There was no bitterness in his voice. Only fact.
Her arms fell to her sides.
“I thought,” she admitted, her voice lowering despite herself, “that if I didn’t get your attention, it was because you didn’t need it. Or maybe… because Haruma needed it more.”
The truth slipped out before she could stop it.
“I told myself it wasn’t unfair,” she went on. “I told myself you understood. And when you didn’t complain, I took that as permission.”
She swallowed.
“I said things. Jokes. Thoughtless comments. And you never fought back, so I assumed they didn’t hurt.”
Her voice wavered.
“I’m sorry,” Arisa said, awkwardly, as though the word did not quite belong to her. “I’m sorry for deciding what you could endure without ever asking you.”
She looked at him, uncertain, exposed.
“But I don’t know how to fix this,” she confessed. “I don’t even know where to start.”

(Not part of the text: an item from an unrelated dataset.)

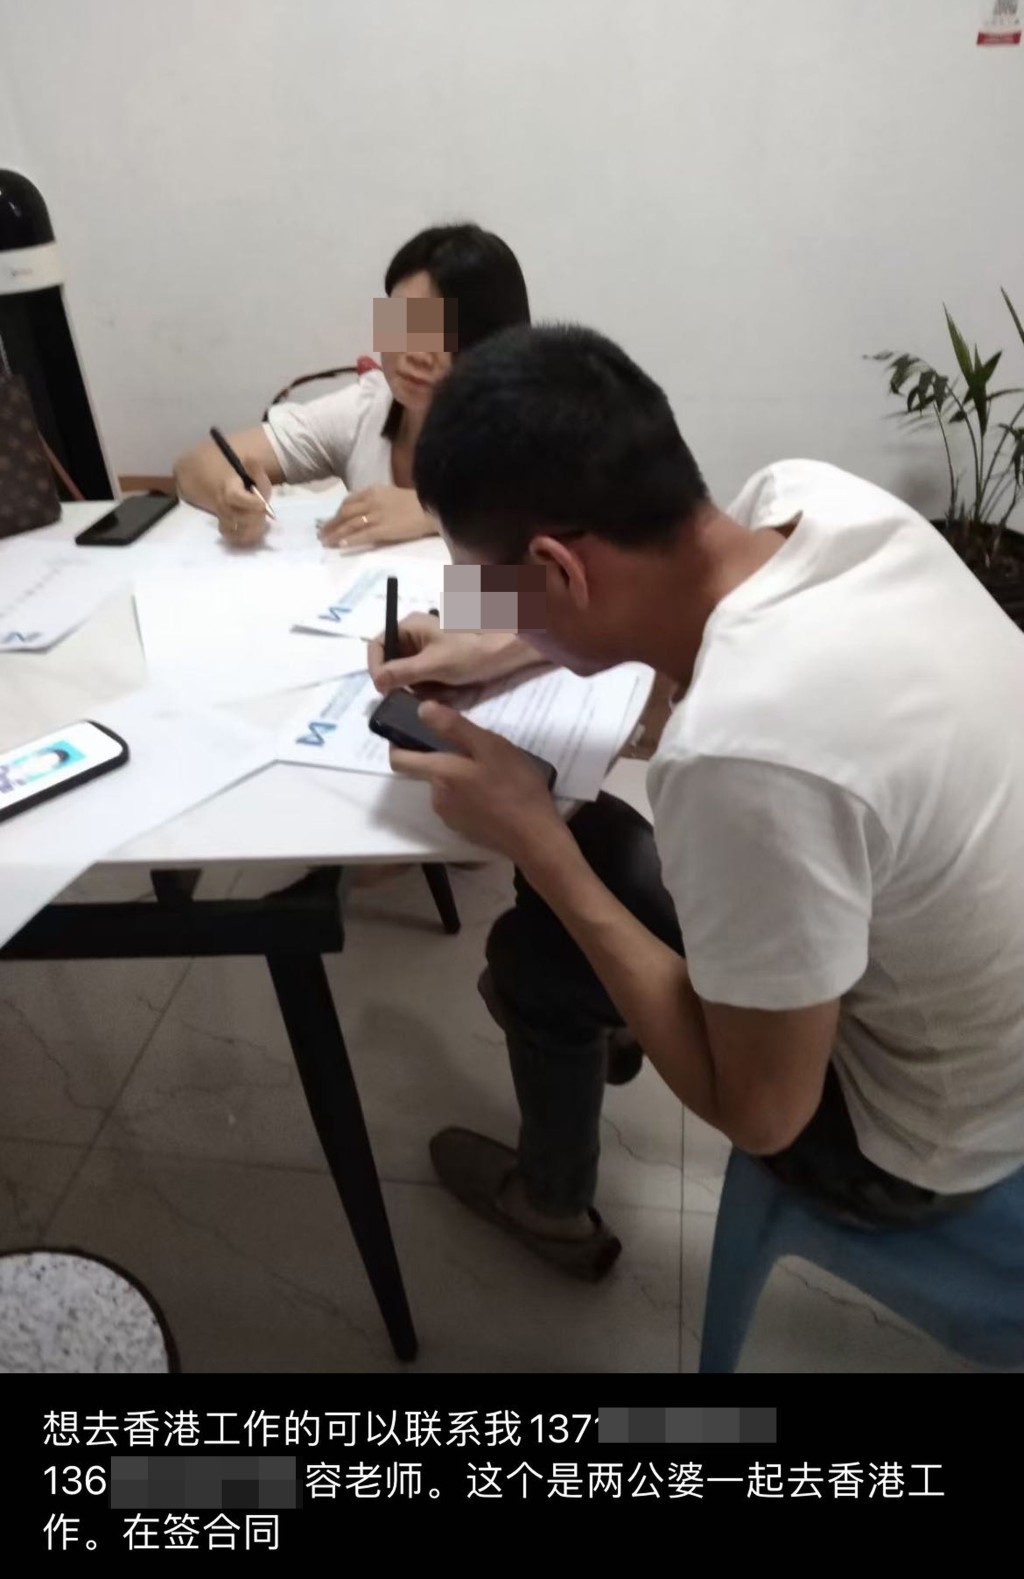 內地中介發放一張內地夫婦簽合同的相片，稱他們準備前往香港工作。

Yuma reached for the door.
“I’m not asking you to fix it,” he said quietly. “I just wanted you to know.”
He paused, hand resting on the handle.
“You always spoke as if I was invisible because I chose to be.”
The door opened.
“I wasn’t.”
He stepped outside and closed it behind him.
Arisa remained standing in the entryway, realising too late that the most damaging things she had ever said were not born of cruelty—but of carelessness.